Weiter wird die bisherige Ausbildungsduldung in einen regulären Aufenthaltstitel umgewandelt. Damit wird ebenfalls eine Anregung des DEHOGA für eine bessere Integration von Geflüchteten aufgegriffen. Geflüchtete, die während des Asylverfahrens eine Ausbildung aufgenommen haben, dürfen diese fortsetzen, auch wenn der Asylantrag nicht erfolgreich ist. Wenn die Ausbildung erfolgreich abgeschlossen wird, kann für zwei weitere Jahre eine Arbeitserlaubnis erteilt werden. Damit kann das Potenzial dieser bereits hier lebenden Menschen für den Arbeitsmarkt genutzt werden; die Planungssicherheit für den Arbeitgeber und Beschäftigte wird verbessert.

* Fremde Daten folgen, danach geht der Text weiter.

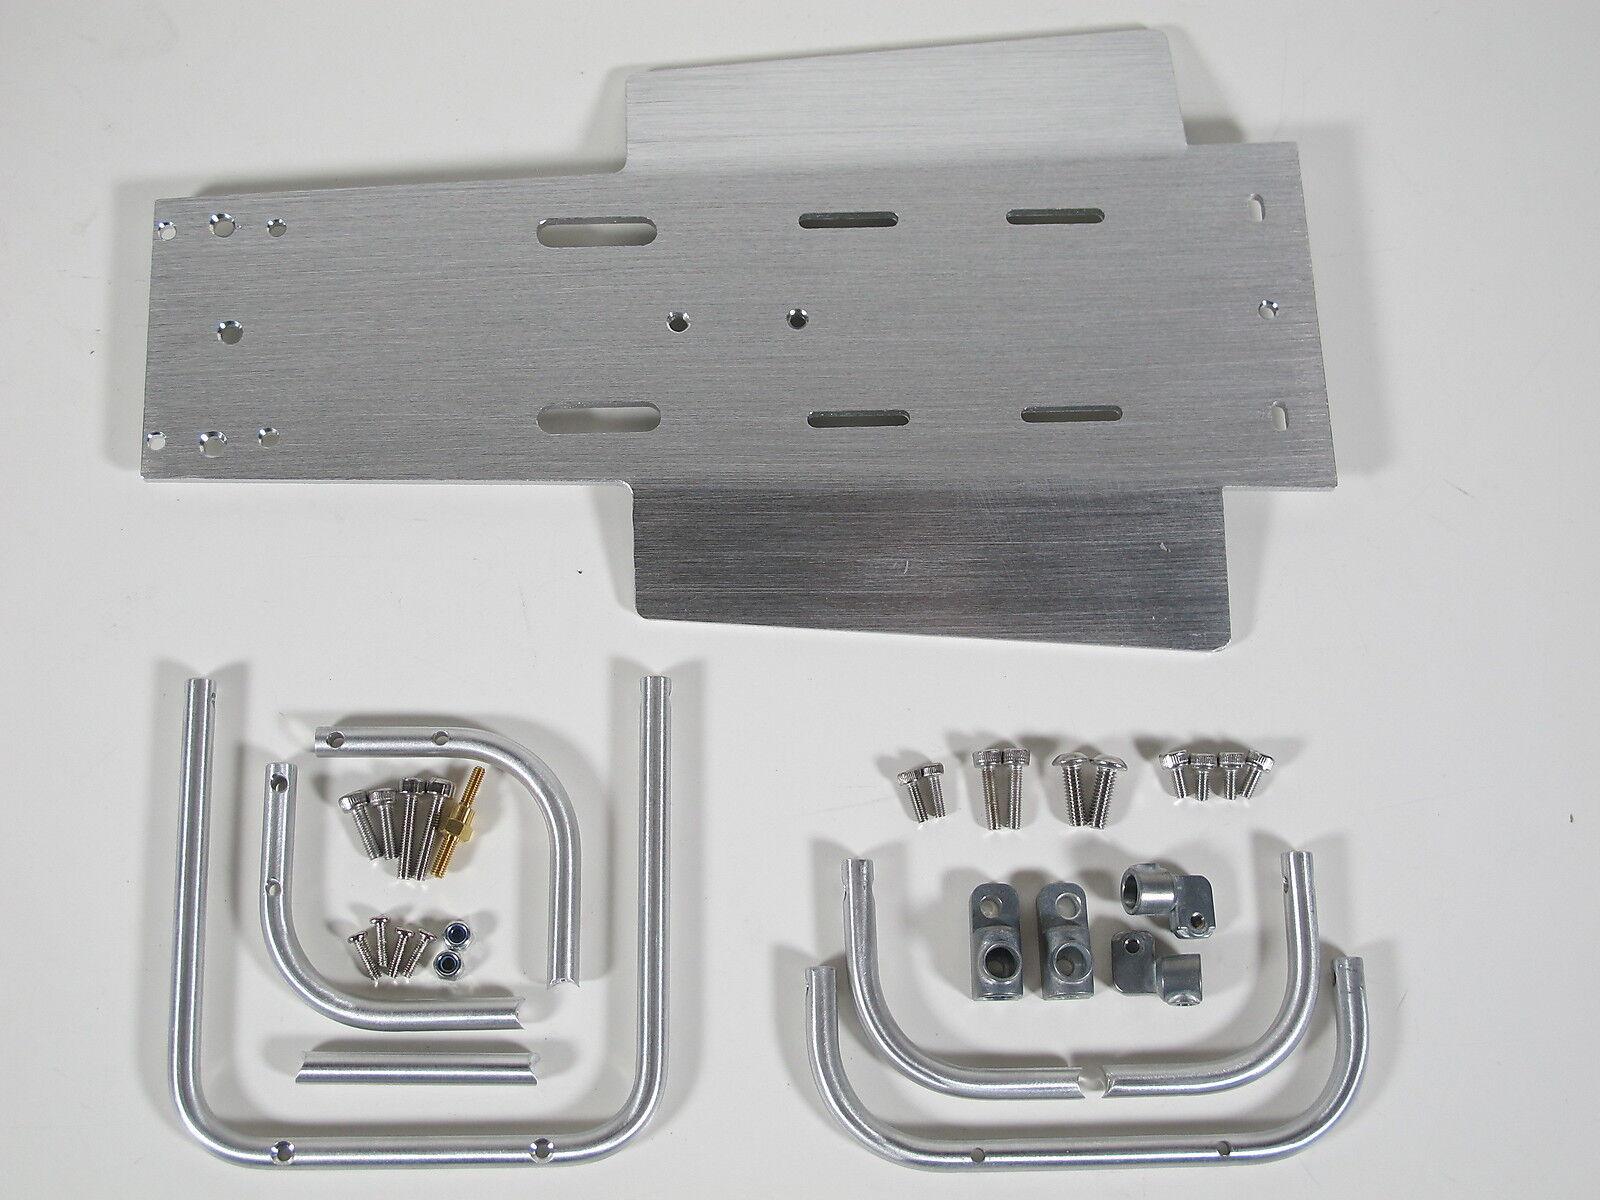 Tamiya 1/10 Aluminio Delantero Trasero Protector De Parachoques  placa de chasis Arena lnfernal Champ
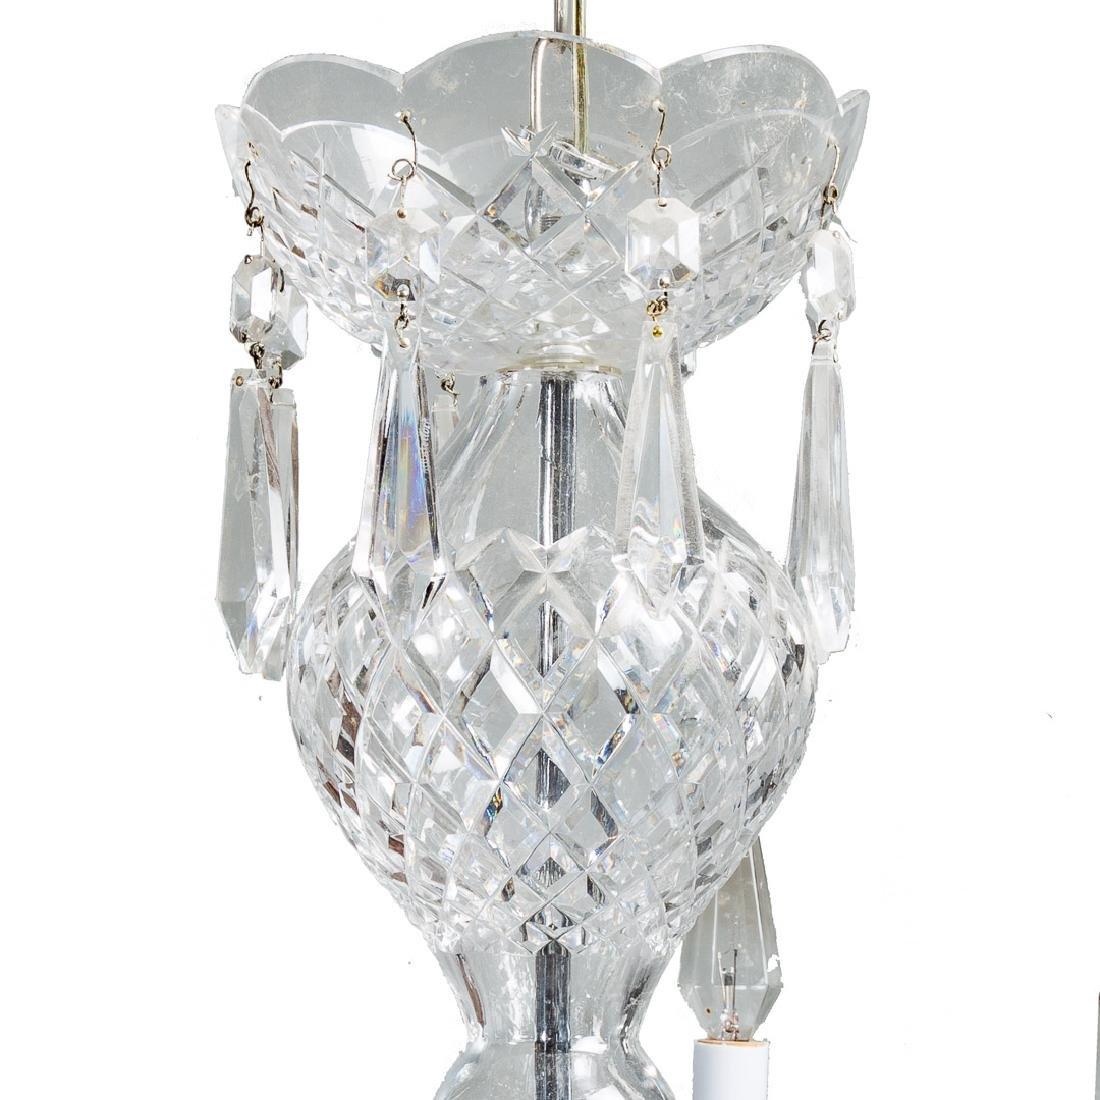 Waterford crystal Comeragh chandelier - 3

In begrenztem Umfang wird für Geflüchtete auch ein sog. „Spurwechsel“ zugelassen: Wer vor dem 29. März 2023 eingereist ist, sich noch im Asylverfahren befindet und gleichzeitig die Voraussetzungen für einen Aufenthaltstitel als Fachkraft besitzt, kann das Asylverfahren freiwillig beenden und stattdessen eine Aufenthaltserlaubnis als Fachkraft beantragen, ohne zuvor auszureisen und ein Visumverfahren zu durchlaufen.

Eine weitere Ankündigung, die auf eine Forderung des DEHOGA zurückgeht, ist eine erweiterte Nutzung der Westbalkan-Regelung. Gegen die Stimmen der Opposition beschloss der Innenausschuss eine Entschließung, in der die Bundesregierung aufgefordert wird, die sogenannte Westbalkan-Regelung „zu einem Teil des Instrumentenkastens für Migrationsabkommen zu machen“. Wenn mit einem Staat ein Migrationsabkommen mit der analogen Anwendung der Westbalkan-Regelung geschlossen wird, soll das darin verhandelte Kontingent nicht auf das bestehende Kontingent der Westbalkan-Staaten angerechnet werden.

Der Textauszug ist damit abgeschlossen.